▸ **Information supplied**:
*** Begin section ***
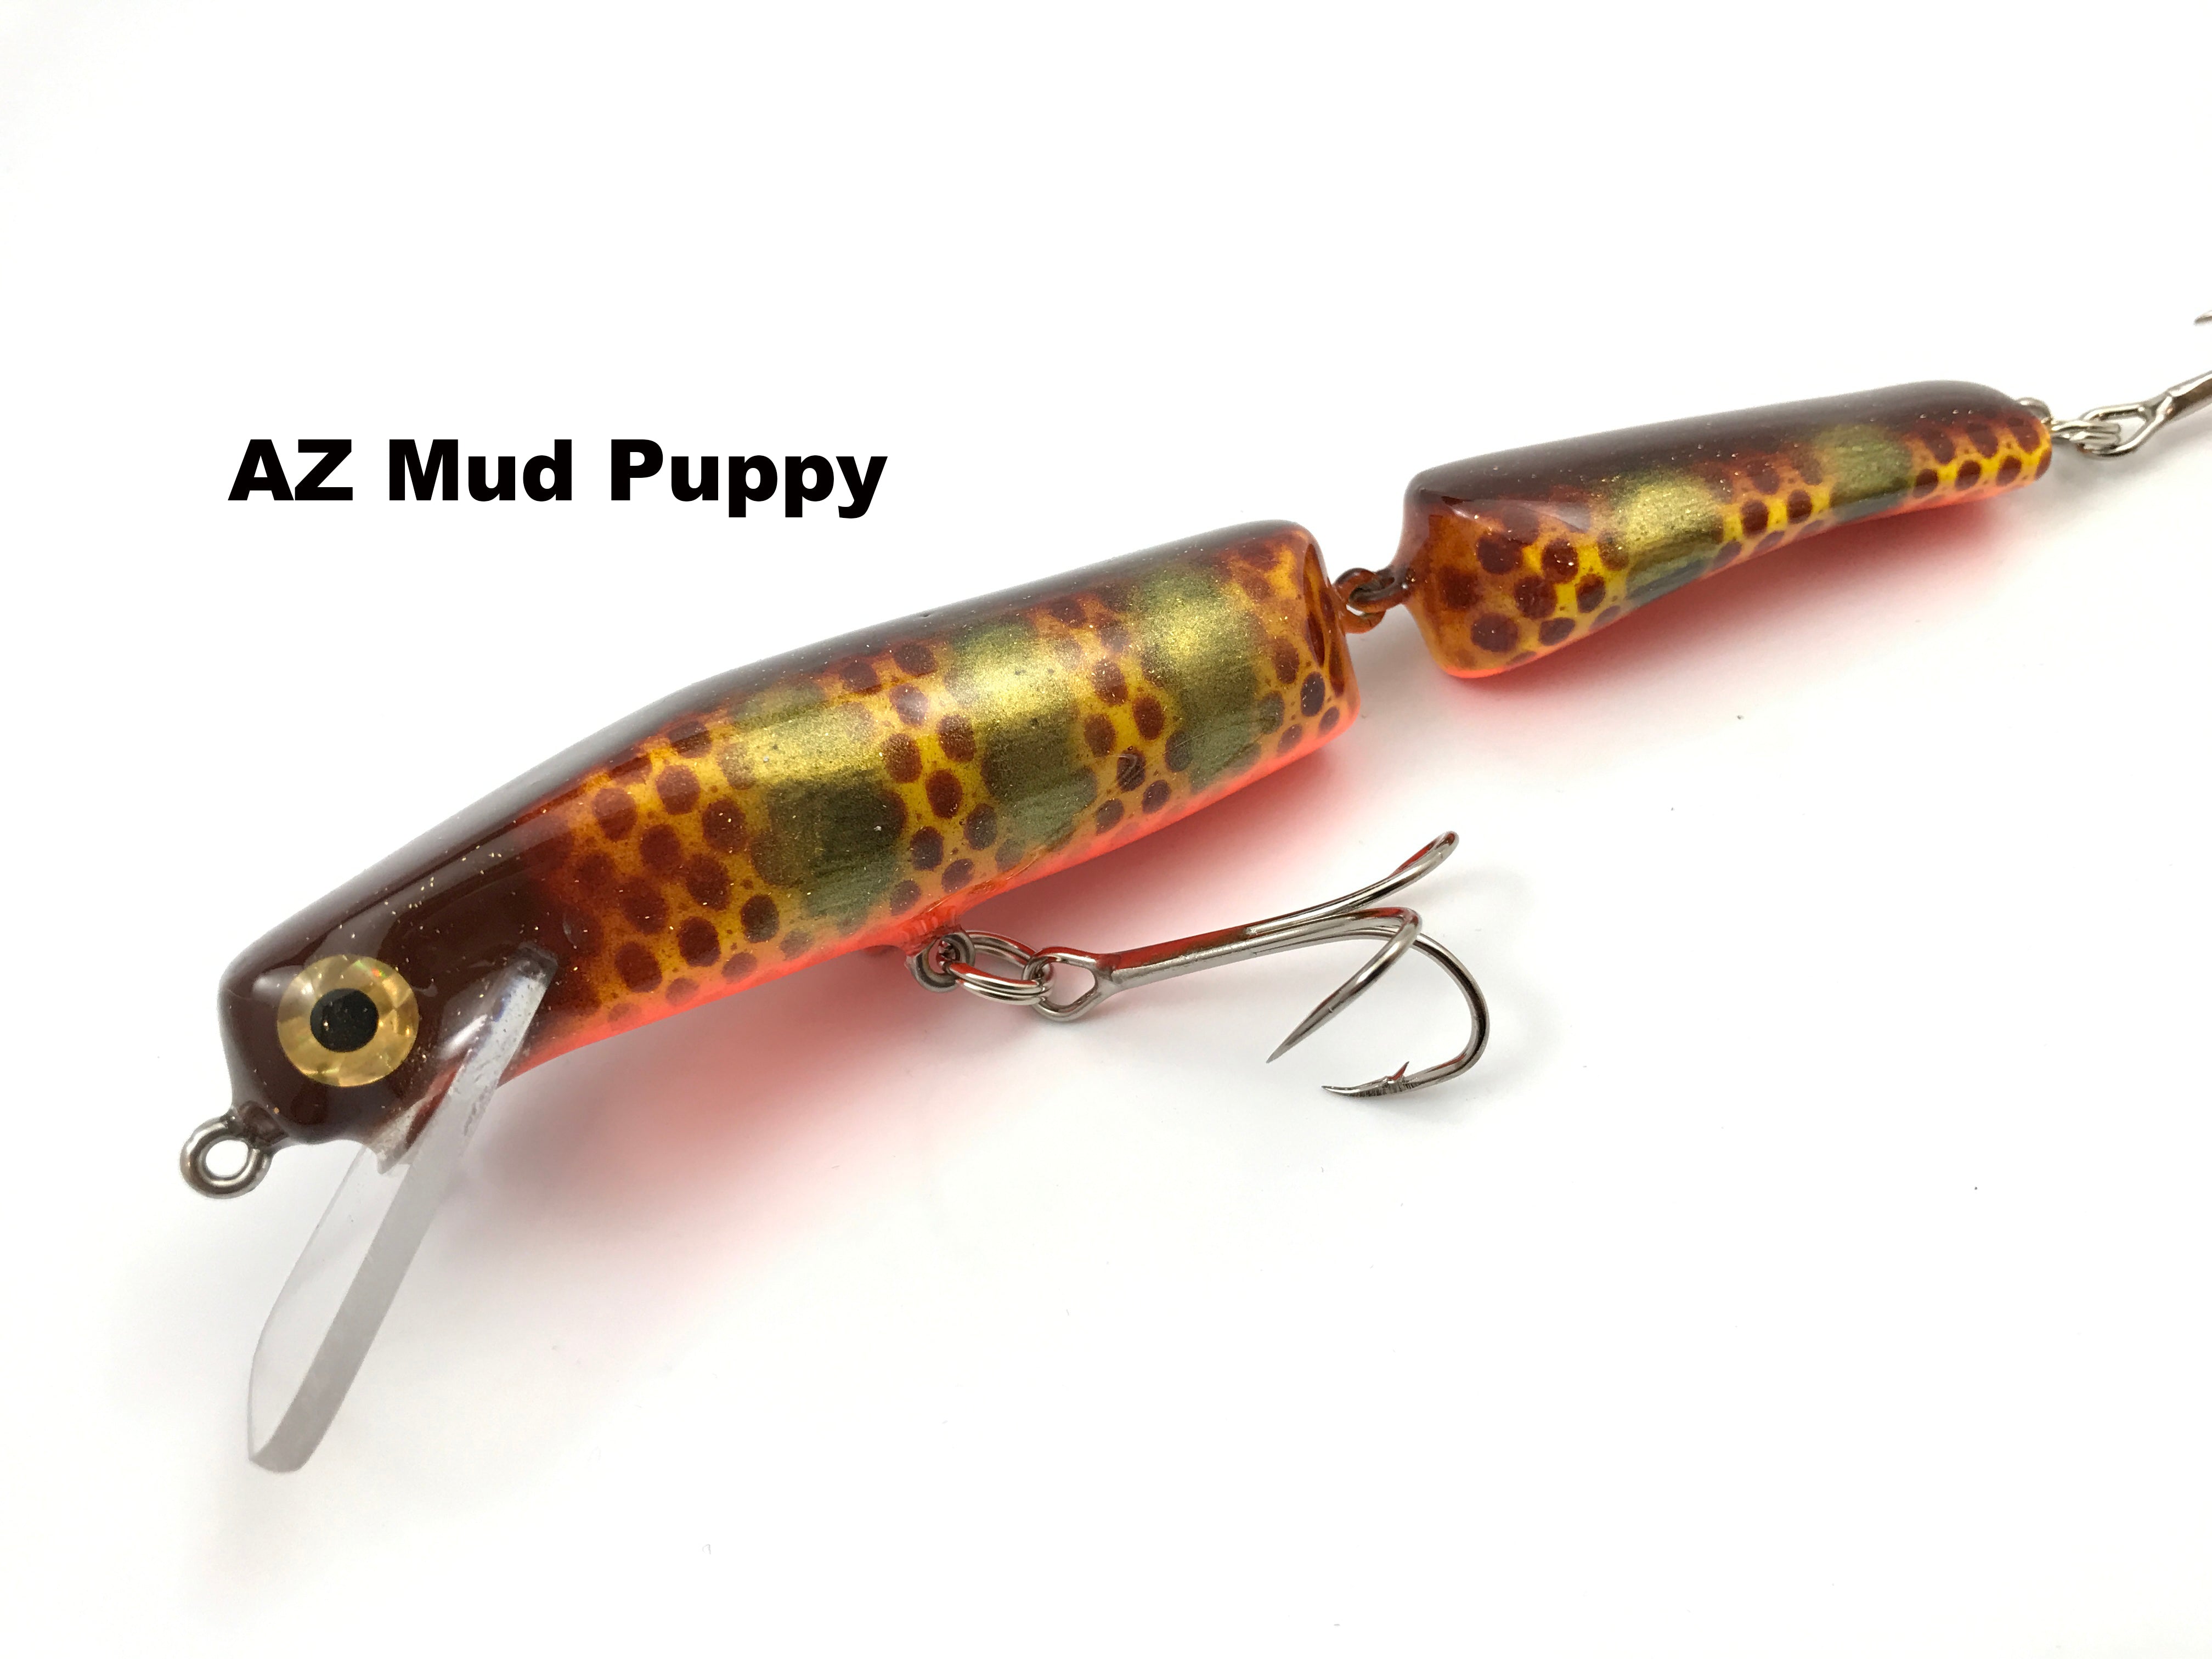 B & N Custom Rod and Tackle  Custom made, hand crafted Talonz crankbaits  and lures for muskie and pike fishing
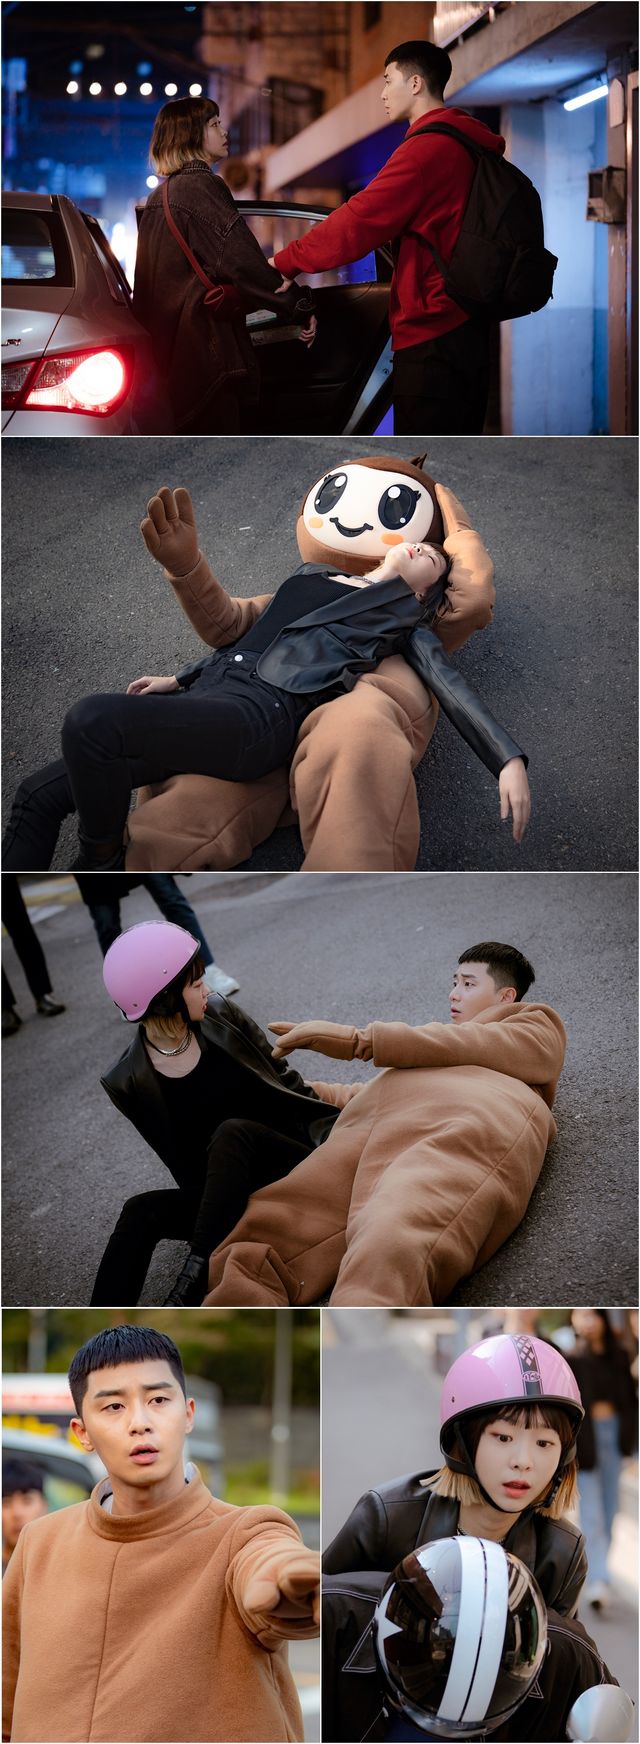 Itae One Clath Park Seo-joon and Kim Da-mi finally meet.On the 6th day before the broadcast three times, the first meeting of Park Seo-joon and Kim Da-mi, which can not be more intense, is stimulated by the curiosity of the gilt drama Itae One Clath (director Kim Sung-yoon, playwright Cho Kwang-jin, production showbox and writing, One next Web toon Itae One Clath).After a hot wait, Itae One Clath, which met with viewers, attracted viewers from the first broadcast, foreshadowing the hip rebellion of youths who were united by unreasonable world stubbornness and passenger.Above all, Park Seo-joons presence, which had returned to the same group of hot-blooded youthful Park Seo-joon, was overwhelming.In the last broadcast, the death of his father led to a link between Park and Jang Dae-hee (Yoo Jae-myeong), the president of Jangga, which is a terrible link that can not be broken.Roy, who was released with a boiling heart in the word revenge, revealed his dream of setting up a small store in Itae One.Seven years later, Roy, who entered Itae One to achieve his dream, reunited with Oh Su-ah (Kwon Na-ra), amplifying his expectations.Another person who will change the fate of Roy, Kim Da-mi, is about to make a full-scale start.The photo shows the first meeting between Roy and Joy, and Joy, who is about to get into a taxi, and Roy, who snatched his wrist, foresaw an unusual first meeting.The appearance of Joy, who stimulated the just Xiao Xinnam Park, is already expected.Another photo released together attracts attention from two people who have been reunited on the streets of Itae, and Joy, who is divided into two bodies as if he passed out over a person wearing a doll mask, attracts attention.The main character in the doll is Roy, Xiao Xin, and the extraordinary personality of the influencer Joy, who adds to the expectation of what synergy they will receive.Especially, Kim Da-mi, who made a topic by decorating the first scene of Drama, is focused on his performance.In the third episode, which will be broadcast on the 7th (Friday), Itae Ones Sanbam pocha, which is filled with the blood and sweat of Park, will finally open.Here, the meeting between Joy Seo and Jang Geun-soo (Kim Dong-hee), the second son of Jangga, is expected to bring a stir to Sanbam.The first meeting between Roy and Joy is exciting from the beginning, said the production team of One Clath.I will be able to feel the unique charm of Joy at once, he said. Please watch the beginning of the hot rebellion, the arrival of the one-day,On the other hand, Itae One Clath will be broadcast at 10:50 pm on the 7th (Friday).(News operations team)Broadcast: February 7 (Fri) 10:50 p.m.
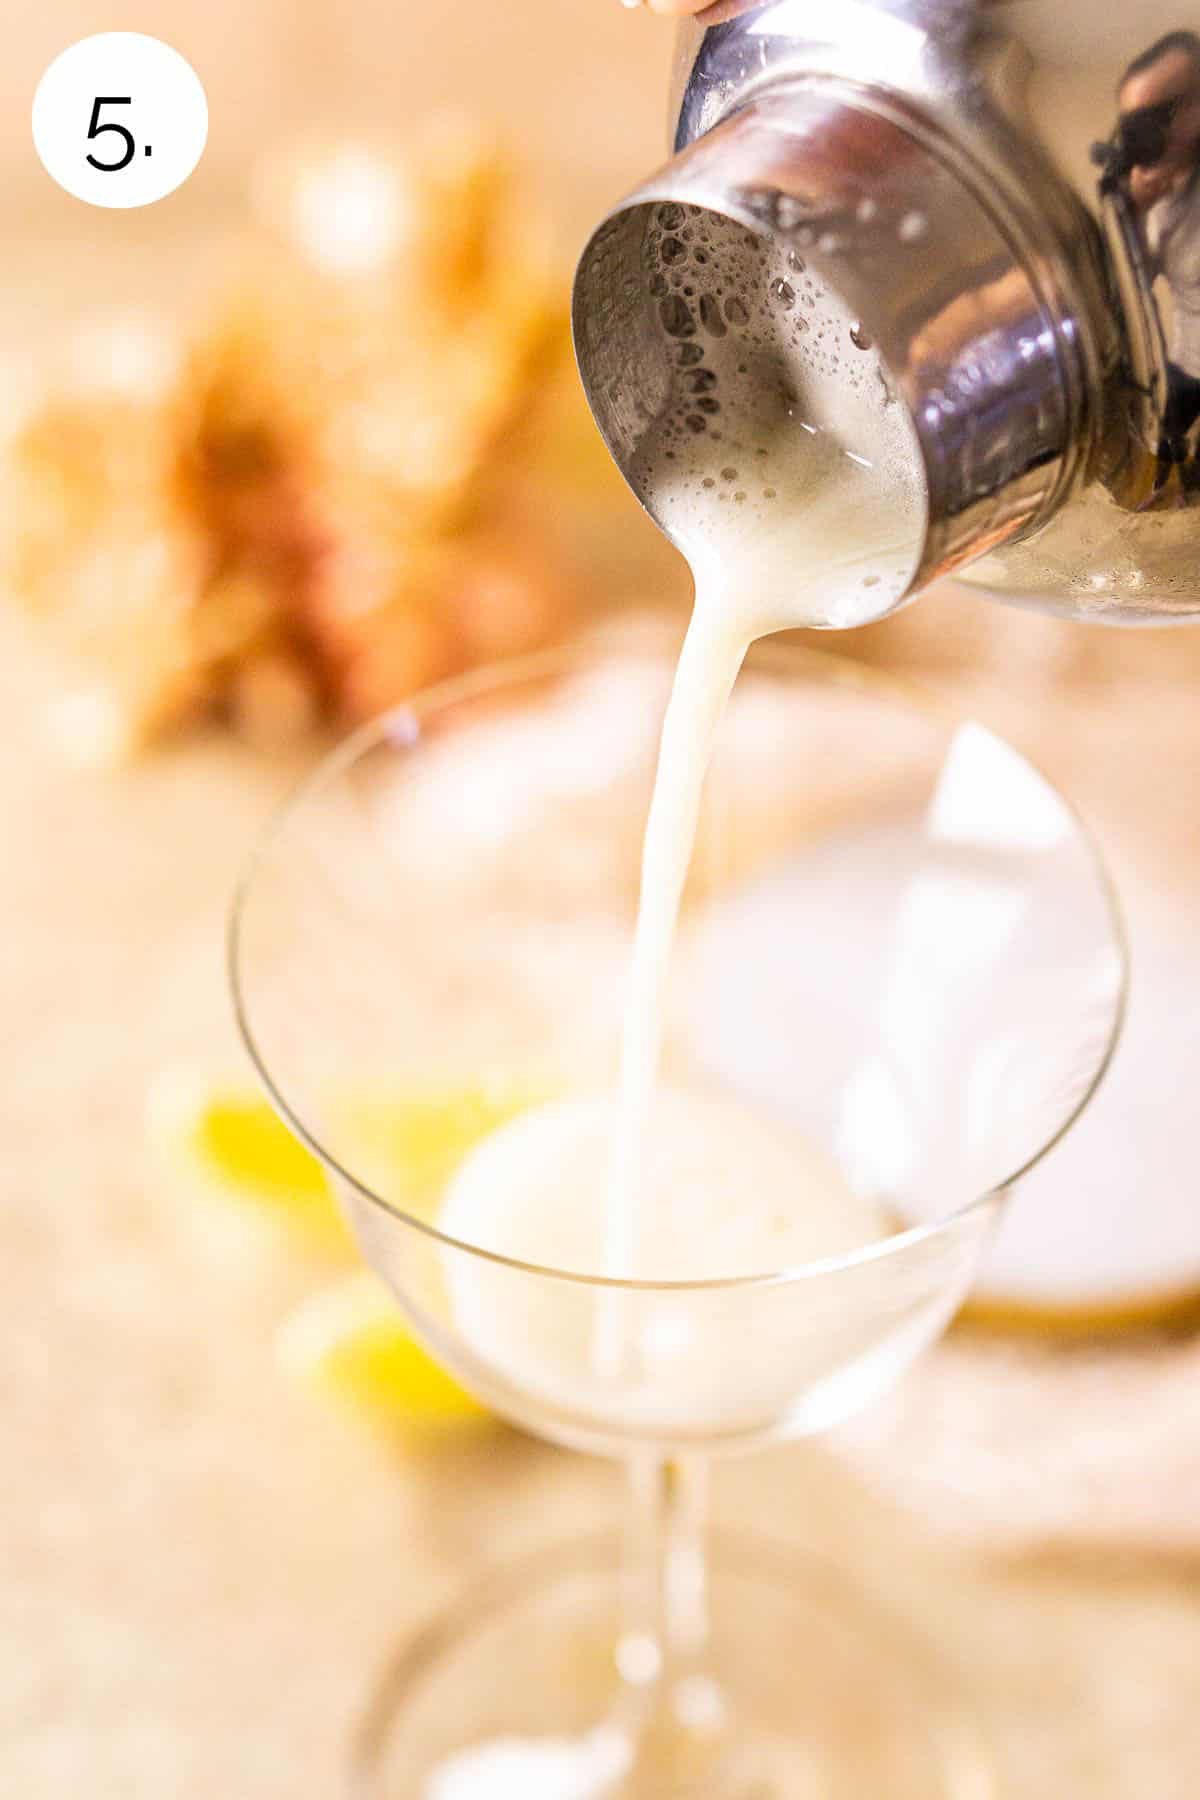 Straining the drink from the cocktail shaker into a sour glass on a cream-colored marble surface.
*** End section ***
▸ **Your goal**: Copy every line of the data exactly as written, excluding the pictures.

▸ **Task result**:
 B & N Custom Rod and Tackle  Custom made, hand crafted Talonz crankbaits  and lures for muskie and pike fishing
 Itae One Clath Park Seo-joon and Kim Da-mi finally meet.On the 6th day before the broadcast three times, the first meeting of Park Seo-joon and Kim Da-mi, which can not be more intense, is stimulated by the curiosity of the gilt drama Itae One Clath (director Kim Sung-yoon, playwright Cho Kwang-jin, production showbox and writing, One next Web toon Itae One Clath).After a hot wait, Itae One Clath, which met with viewers, attracted viewers from the first broadcast, foreshadowing the hip rebellion of youths who were united by unreasonable world stubbornness and passenger.Above all, Park Seo-joons presence, which had returned to the same group of hot-blooded youthful Park Seo-joon, was overwhelming.In the last broadcast, the death of his father led to a link between Park and Jang Dae-hee (Yoo Jae-myeong), the president of Jangga, which is a terrible link that can not be broken.Roy, who was released with a boiling heart in the word revenge, revealed his dream of setting up a small store in Itae One.Seven years later, Roy, who entered Itae One to achieve his dream, reunited with Oh Su-ah (Kwon Na-ra), amplifying his expectations.Another person who will change the fate of Roy, Kim Da-mi, is about to make a full-scale start.The photo shows the first meeting between Roy and Joy, and Joy, who is about to get into a taxi, and Roy, who snatched his wrist, foresaw an unusual first meeting.The appearance of Joy, who stimulated the just Xiao Xinnam Park, is already expected.Another photo released together attracts attention from two people who have been reunited on the streets of Itae, and Joy, who is divided into two bodies as if he passed out over a person wearing a doll mask, attracts attention.The main character in the doll is Roy, Xiao Xin, and the extraordinary personality of the influencer Joy, who adds to the expectation of what synergy they will receive.Especially, Kim Da-mi, who made a topic by decorating the first scene of Drama, is focused on his performance.In the third episode, which will be broadcast on the 7th (Friday), Itae Ones Sanbam pocha, which is filled with the blood and sweat of Park, will finally open.Here, the meeting between Joy Seo and Jang Geun-soo (Kim Dong-hee), the second son of Jangga, is expected to bring a stir to Sanbam.The first meeting between Roy and Joy is exciting from the beginning, said the production team of One Clath.I will be able to feel the unique charm of Joy at once, he said. Please watch the beginning of the hot rebellion, the arrival of the one-day,On the other hand, Itae One Clath will be broadcast at 10:50 pm on the 7th (Friday).(News operations team)Broadcast: February 7 (Fri) 10:50 p.m.
 Straining the drink from the cocktail shaker into a sour glass on a cream-colored marble surface.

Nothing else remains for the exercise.